Provided data:
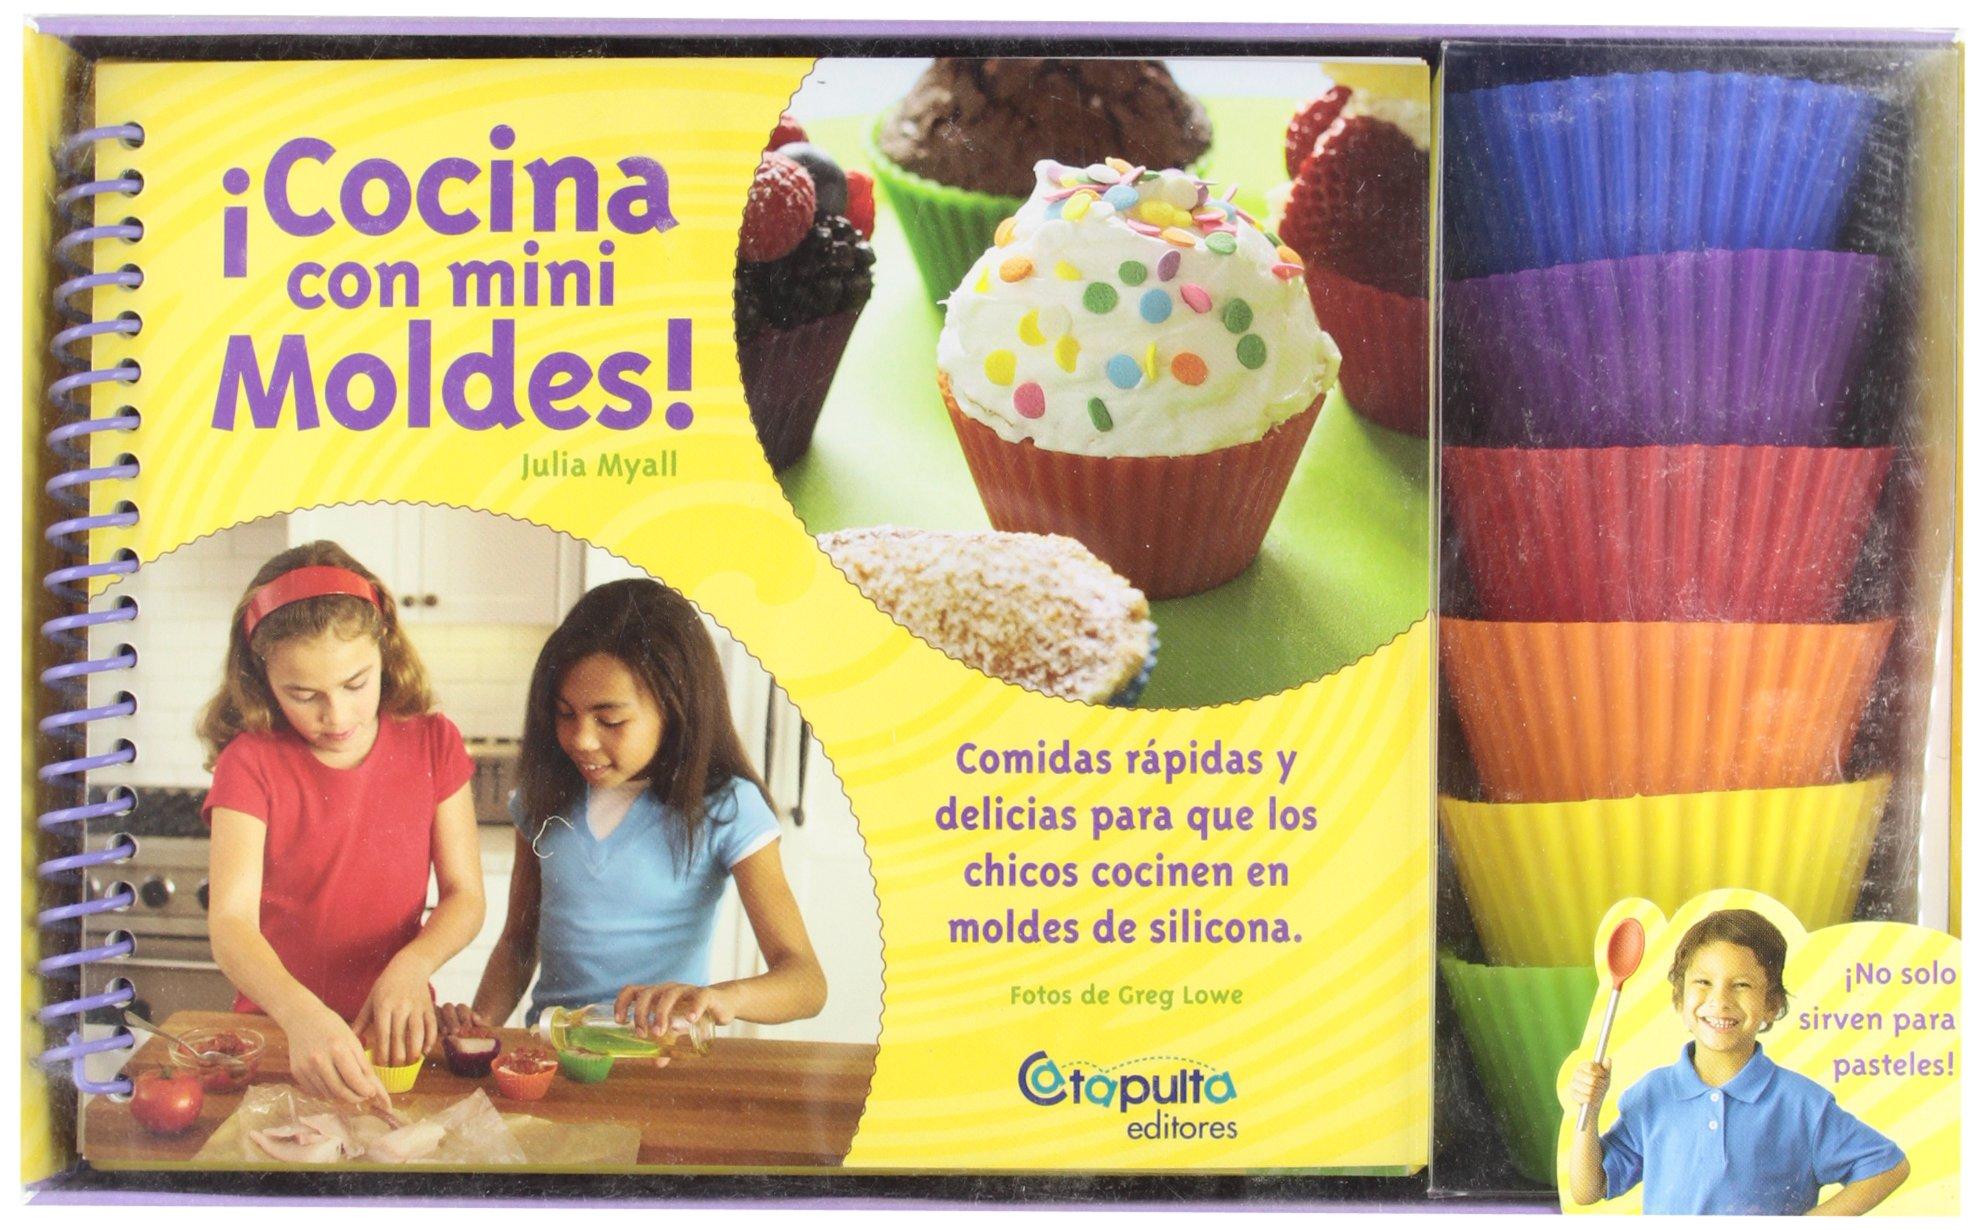 COCINA CON MINI MOLDES (Spanish Edition) (Spanish) Paperback – 2013
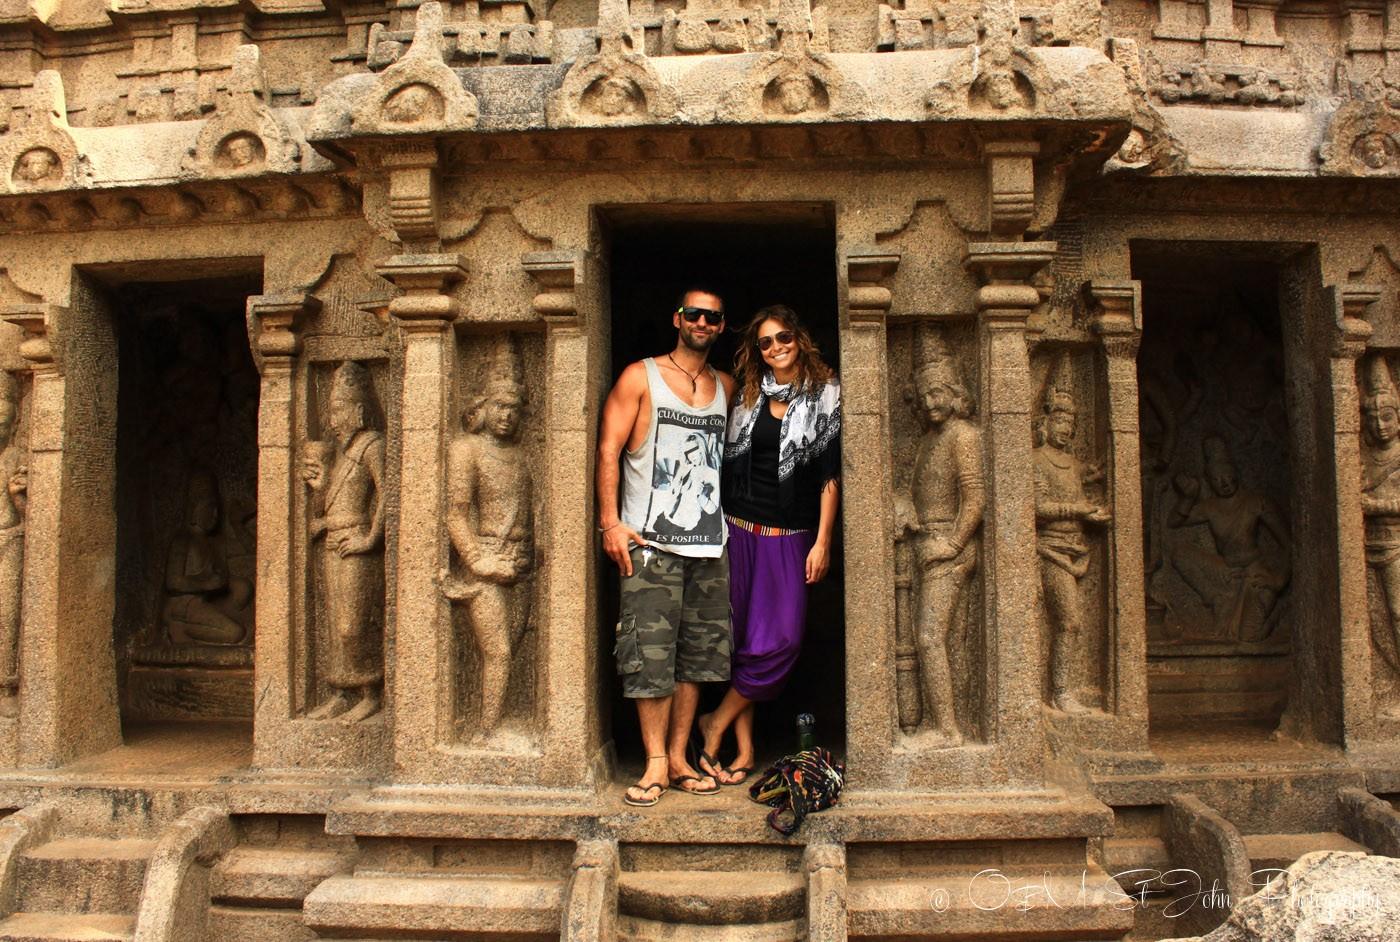 Max and Oksana at ruins in Mahabalipuram, India
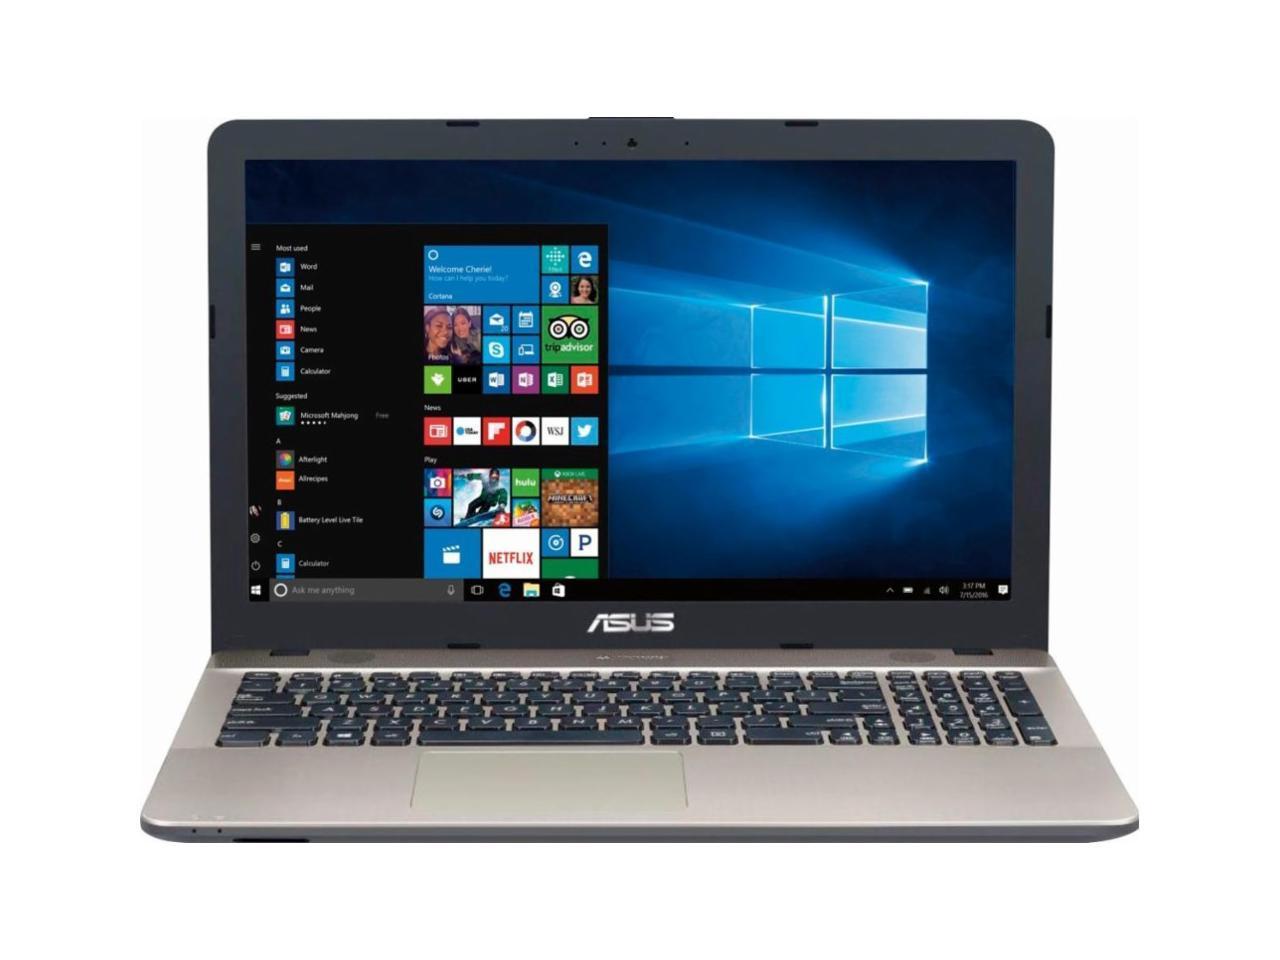 Asus VivoBook Max X541NA: 15.6'' 768P, Pentium N4200, 4GB Ram, 500GB HDD, Type-C, DVD-RW, Win10H @ $220 + F/S
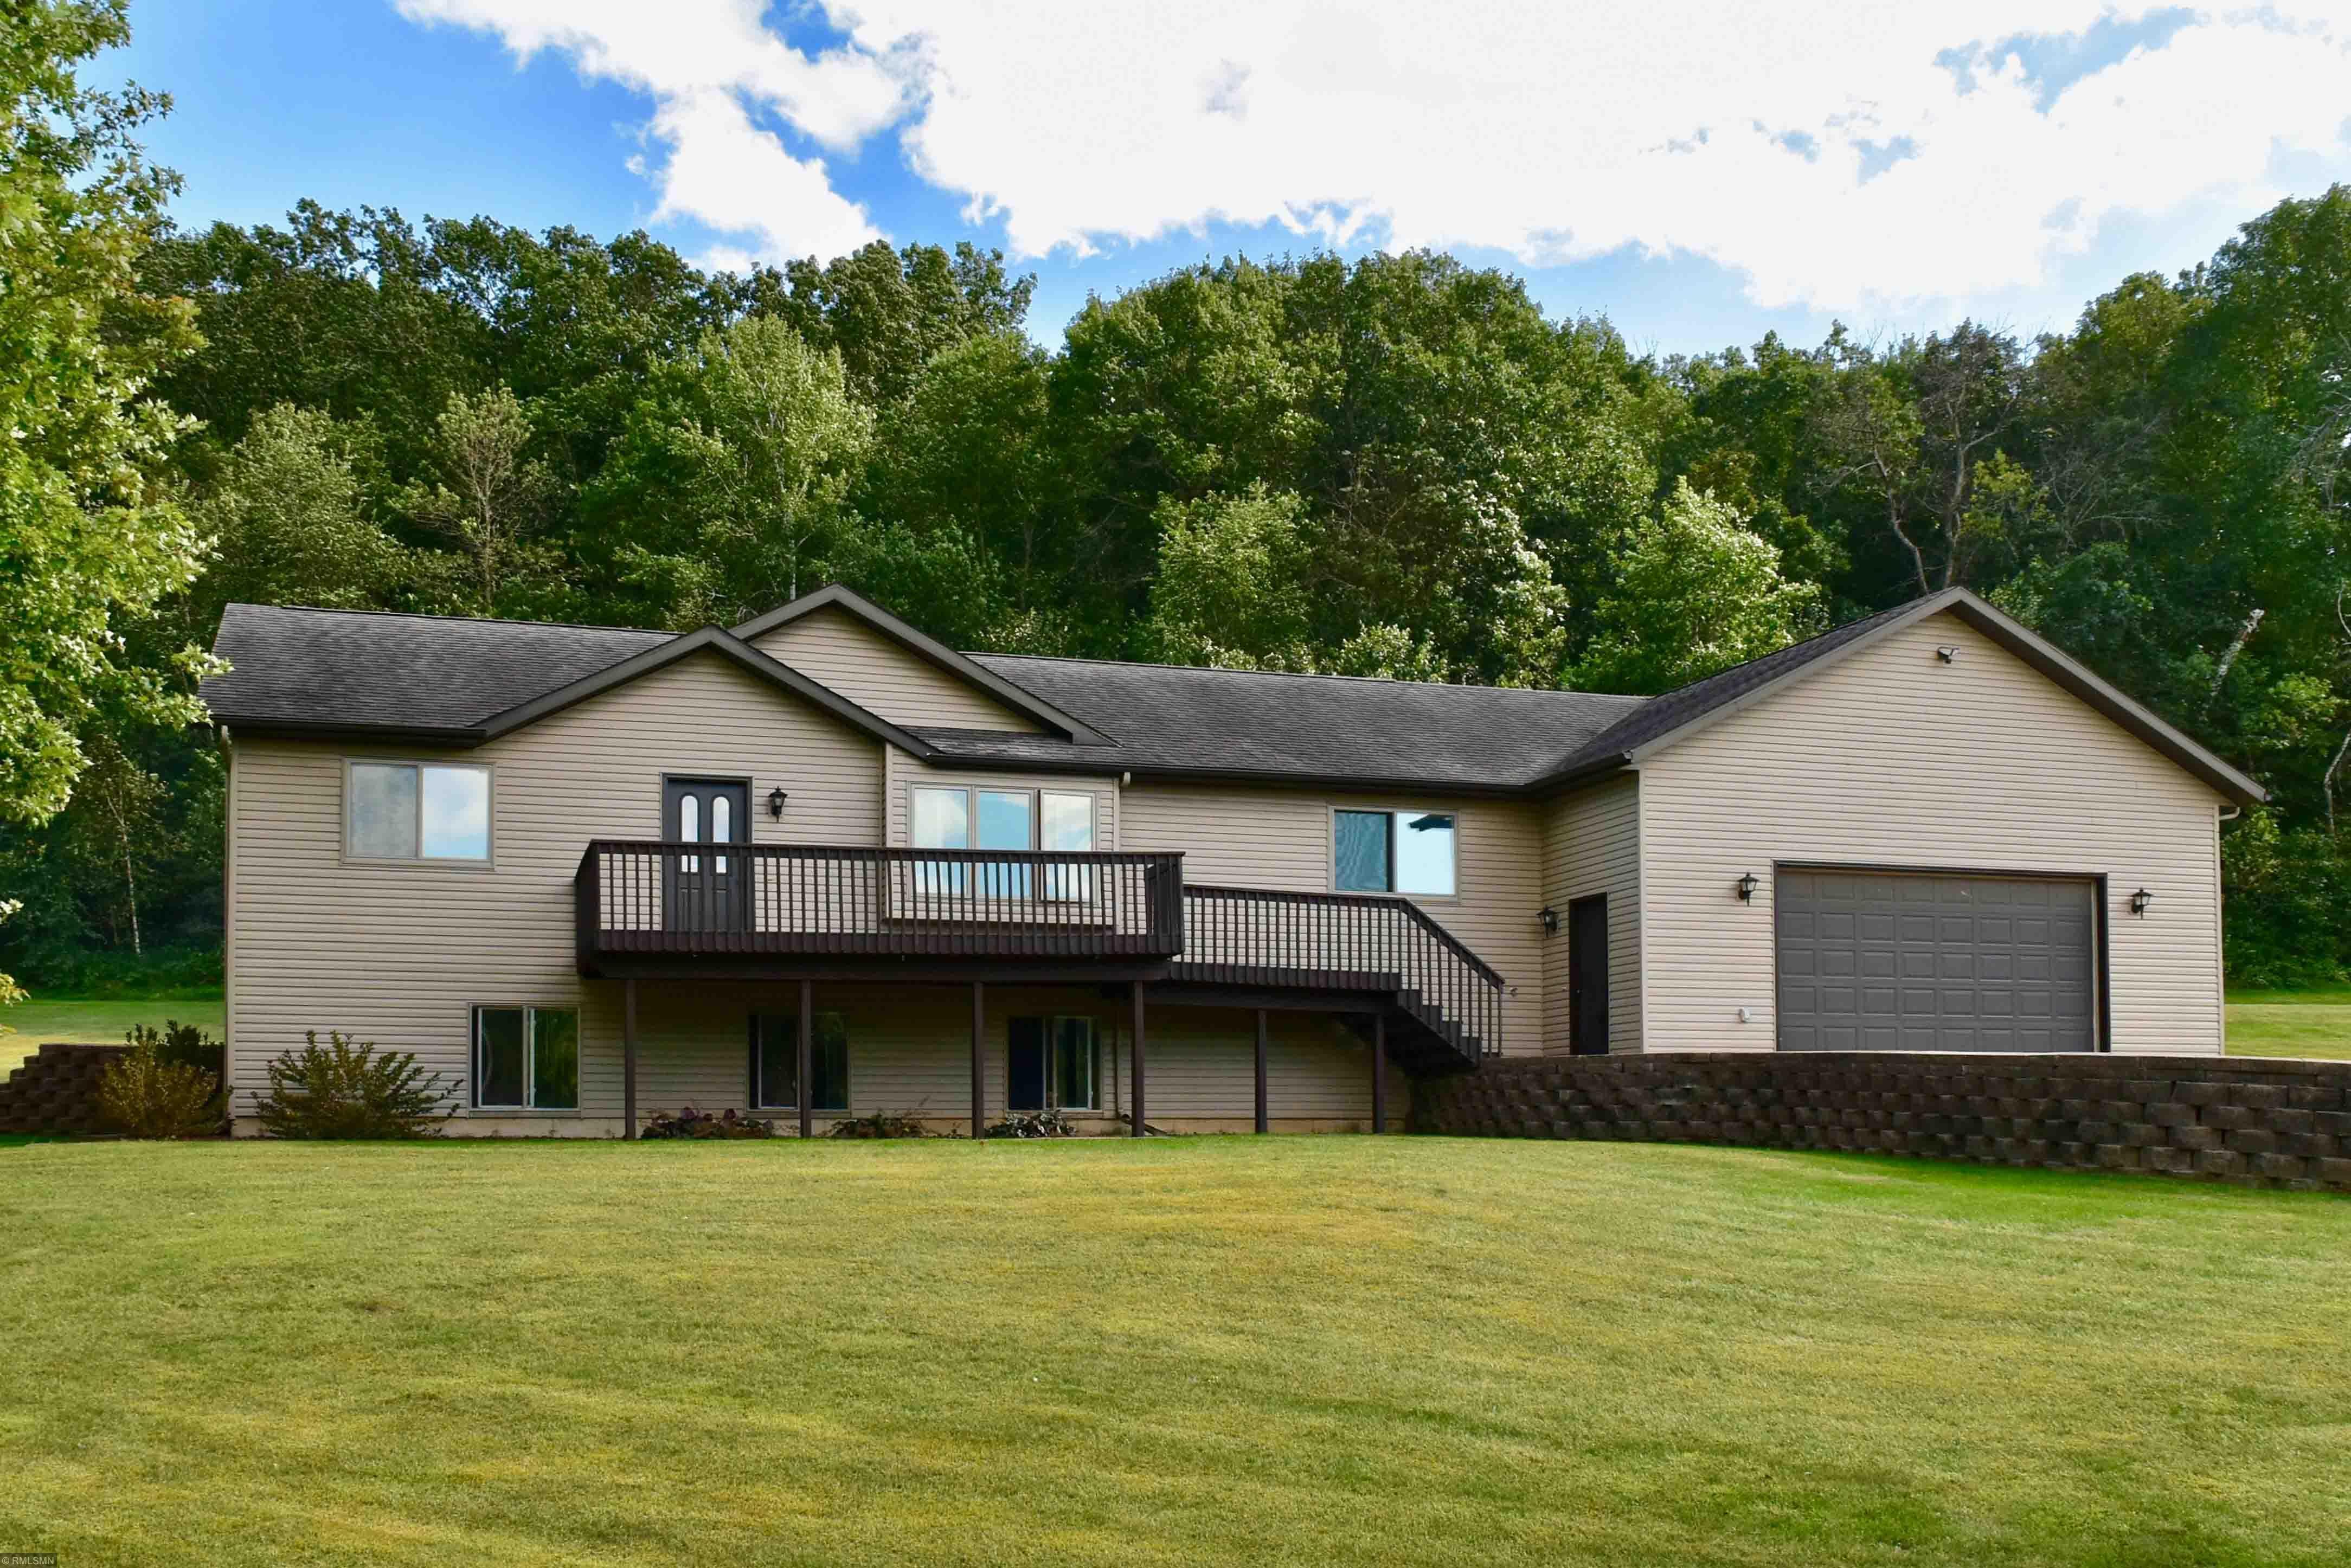 S2502 Wicka Road Property Photo - Cochrane, WI real estate listing

What the exercise asks:
Set down the whole listing exactly as given, except for the pictures.

Output of the task:
 COCINA CON MINI MOLDES (Spanish Edition) (Spanish) Paperback – 2013
 Max and Oksana at ruins in Mahabalipuram, India
 Asus VivoBook Max X541NA: 15.6'' 768P, Pentium N4200, 4GB Ram, 500GB HDD, Type-C, DVD-RW, Win10H @ $220 + F/S
 S2502 Wicka Road Property Photo - Cochrane, WI real estate listing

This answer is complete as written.